The Felsenreitschule: This once served as a conglomerate quarry for the construction of the Salzburg Cathedral until, at the end of the 17th century Archbishop Johann Ernst Thun ordered its reassignment. He had 96 three-storey arcades smashed into the walls of the abandoned quarry in order to allow observing of equestrian demonstrations and animal fights from here. Early in the 20th century, Max Reinhardt suggested that the former winter riding school (now The Karl-Böhm-Saal) and the Felsenreitschule be transformed into a theatre. In 1926, he used the Felsenreitschule for the first time for a production as part of the Salzburg Festival.
House for Mozart: On the site of the former Great Winter Riding School, a temporary Festival Hall was opened in 1925, which over the decades has undergone numerous adaptations. The so-called “Little Festival Hall” was converted into the modern and attractive House for Mozart in three construction phases up to the Mozart year of 2006. It delivers optimal acoustics, great visibility and 1,580 seats with sufficient capacity and yet intimacy. Info: The Festival Halls can be visited daily as part of public tours (daily at 2 p.m.). Group tours are possible upon prior reservation.

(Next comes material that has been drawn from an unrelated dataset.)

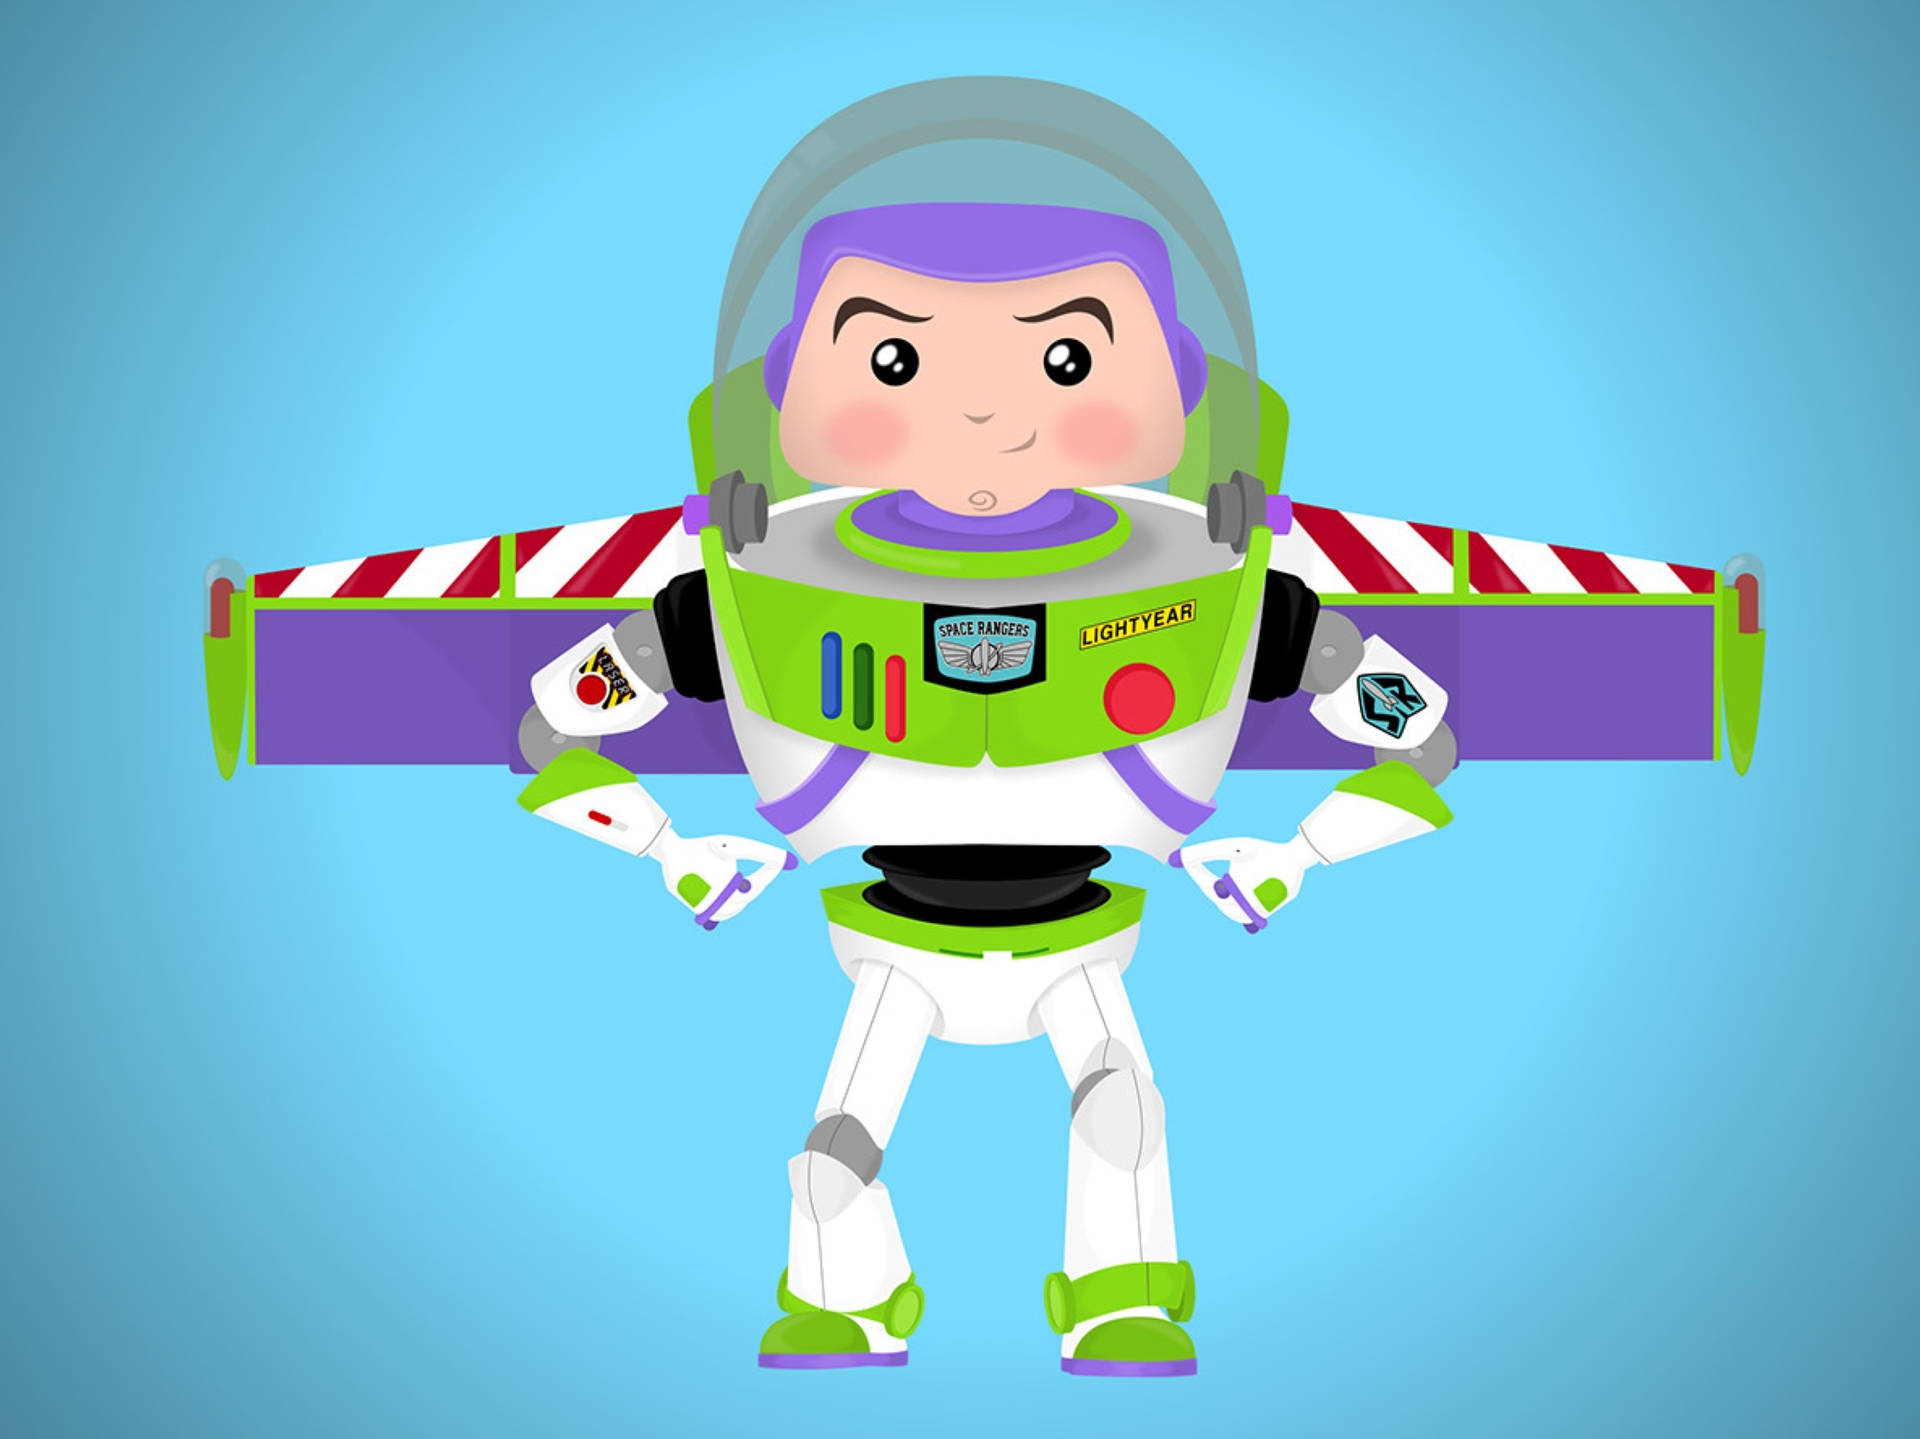 Top 999+ Buzz Lightyear Wallpapers Full HD, 4K✅Free to Use

Leopoldskron Palace: The “Cradle of the Salzburg Festival”. The idyllically located Leopoldskron Palace was built in the first half of the 18th century as the family seat of Archbishop Leopold Anton Firmian and is considered to be the “Cradle of the Salzburg Festival”. Here in 1920, together with Hugo von Hofmannsthal and Richard Strauss, Max Reinhardt founded the most important music and theatre festival in the world. For twenty years, this grandiose baroque complex served as a residence for the founder of the festival, although when he acquired it in April 1918, it was in a dilapidated state. Max Reinhardt renovated parts of the palace and brought it to life with his theatre productions and many friends and guests. Artists, musicians, writers and actors gathered in Salzburg to establish a new era. But soon, new political developments cast great shadows and in 1938 the castle was confiscated by the Nazi government, Max Reinhardt was dispossessed. He never returned to Leopoldskron. Since 1947, Leopoldskron Palace has been home to the “Salzburg Global Seminar” educational institution. In 1964, Hollywood used the romantic setting as the filming location for the world-famous film “The Sound of Music”. Special tip: Today, Leopoldskron Palace and the park are only accessible to guests of the “Hotel Schloss Leopoldskron” as well as conference and event participants. As part of “Zum Fest” the Salzburg Festival invites visitors to Leopoldskron Palace with “The World of Yesterday” (6th to 9th August 2020) on a very special journey through time into the important history of the building.
Crowds in the city
Summer is the peak tourist season. If you can, try and avoid the historic centre on very hot days. Or simply escape to the coffee houses in the cool passageways on Getreidegasse. It’s also not the best idea to visit the main sites and attractions in the city when the Festival is on as there are long waiting times and masses of people. It’s best to take public transport when coming into town but if you’re coming by car, allow for plenty of time to find a parking space.
Nevertheless, you have to experience the Salzburg Festival at least once. Be it at the live performances or simply the hustle and bustle while strolling through the city.